What follows are some timings obtained on the authors's system, and by no means they claim to be exact, absolute or reproducible: your mileage may vary.
Date: 15 June 2013
Hardware: Intel Core-i5 750 @4.0 GHz (quad-core), 16GB RAM
Software: Debian GNU/Linux 7.0 (x86_64), SBCL 1.1.8 (x86_64), STMX 1.3.2
Analysis and comments
- First, it is evident that in Lee-STMX benchmark, using STMX transactions is always faster than single-threaded code as soon as STMX runs at least two threads. Since STMX targets multi-threaded code, this is good news.
With 4+ threads on a quad-core machine, STMX delivers up to 95-105% performance improvement with respect to single-threaded code on this benchmark (the peak performance ratio is 1257.0 / 614.8 = 2.044 = 204.4% on the MEMBOARD workload with 5 threads). Good, but still far from the theorical maximum of 300% improvement, i.e. quadruple speed. Quite unexpectedly, the peak performance is not reached by using one thread per core, but depends on the workload. In the two workloads shown above, the peak is reached respectively at 10 and 5 threads.
- Second, on this benchmark STMX transactions are typically 10-20% slower than
highly optimized locking code: by assuming 100% as locking code performance,
STMX reaches 80-90% of it for almost any number of threads.
- The best result is the MEMBOARD workload with 30 threads, where STMX reaches 93.6% of the locking code performance.
- The worst result is the MAINBOARD workload with 1 thread, where STMX reaches 71.8% of the locking code performance.
This is encouraging. After many research papers discussing and analyzing the overhead imposed by software transactional memory, and looking for optimizations to reduce such overhead, the performance penalty of STMX transactions is quite small - at least on this benchmark.
The optimized locking code running on the same quad-code machine delivers up to 125-155% performance improvement with respect to single-threaded code (the peak performance ratio is 996.0 / 388.1 = 2.566 = 256.6% on the MEMBOARD workload with 10 threads). Better than transactions, but still far from quadruple speed.
- Finally, as stated in the introduction, a deeper analysis of this benchmark
reveals that 92-94% of the time is spent in the function
EXPAND-FROM, which reads memory shared among the threads (in the STMX version of the benchmark, it is transactional memory) but never writes into it. Only
BACKTRACK-FROM, which accounts for less than 1% of the execution time, actually writes into memory shared among the threads (in the STMX version of the benchmark,
BACKTRACK-FROMis an atomic transaction).
This means that Lee-STMX benchmark, even after the modifications that introduced the Hadlock routing algorithm, is almost read-only: writes to shared/transactional memory are very few and grouped together, and it spends large amounts of time without writing at all to shared/transactional memory. For this reason the performance results risk having limited significance, since most of the time is actualy spent outside transactions. On the other hand, also the optimized locking code takes advantage heavily of this unbalance, to the point of being implemented with unlocked reads and a global write lock (plus some tricks borrowed by transactions to handle inconsistent reads and failures).
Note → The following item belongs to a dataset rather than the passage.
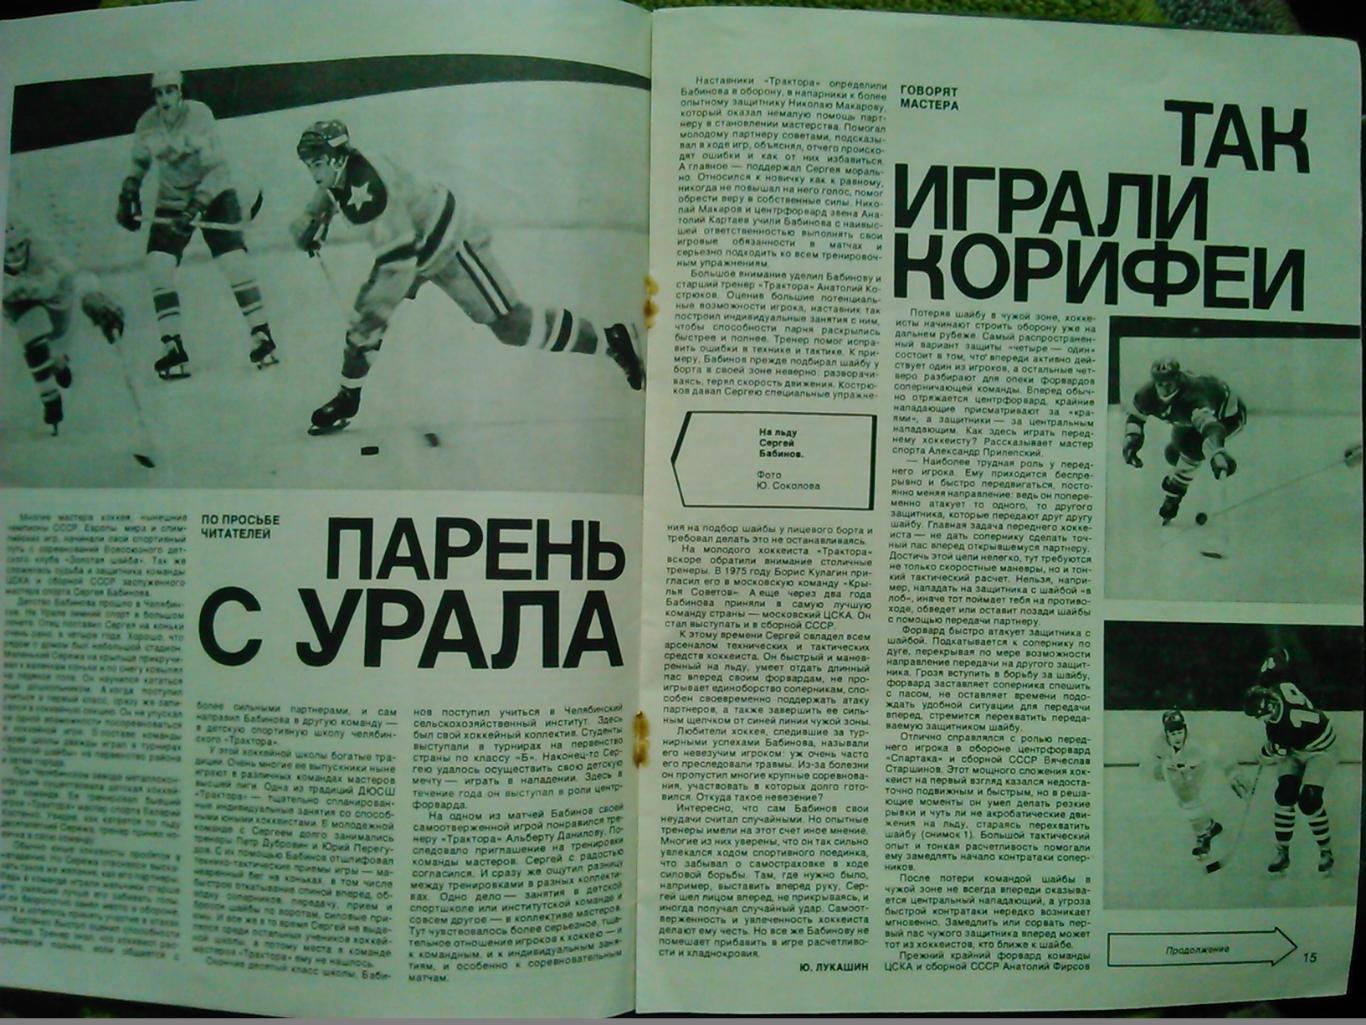 Спортивные игры №12.1981. Хоккей. Футбол. Оптом скидки до 50%! 1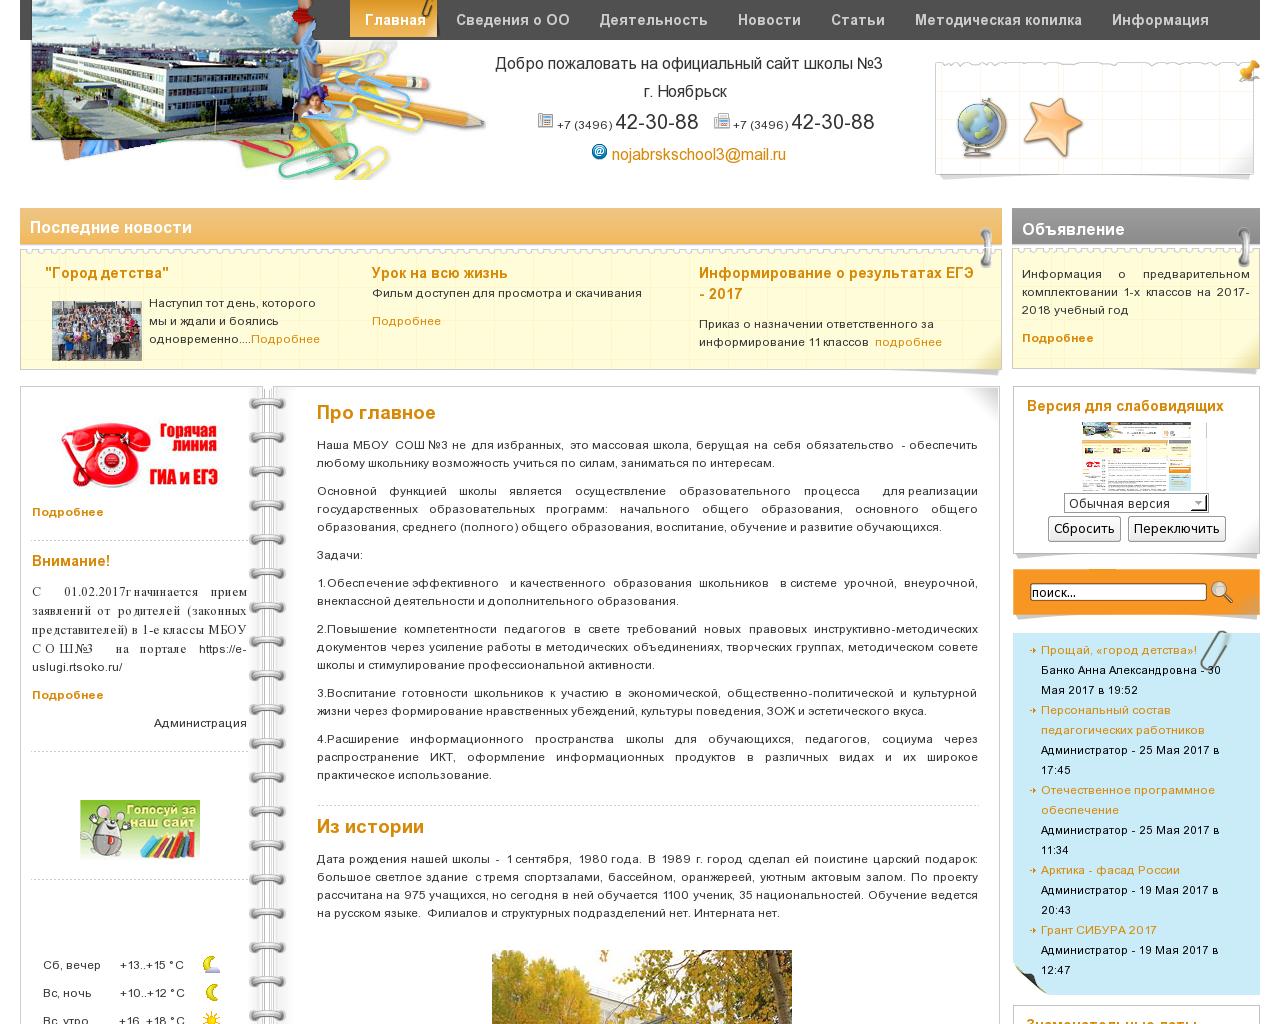 Изображение сайта school-3.ru в разрешении 1280x1024

Lee-STMX is a benchmark for software transactional memory aiming at implementing a realistic workload. STMX shows good performance on it: 95-105% better than single-threaded code on a quad-core machine, yet behind highly optimized locking code, which shows 125-155% better performance than single-threaded code.
Quite unfortunately, Lee-STMX was found to have a strongly unbalanced workload: it contains a high number of transactioanl memory reads (actually executed outside transactions), but very few and grouped transactional memory writes.
Since there are no obviously tunable parameters to change the ratio of reads and writes, nor to change the ratio of time spent inside and outside transactions, STMX author recommends further benchmarking to validate STMX performance on workloads with more transactional writes and more time spent inside transactions.
Lee-STMX is released under the terms of the BSD license.
STMX is released under the terms of the Lisp Lesser General Public License, known as the LLGPL.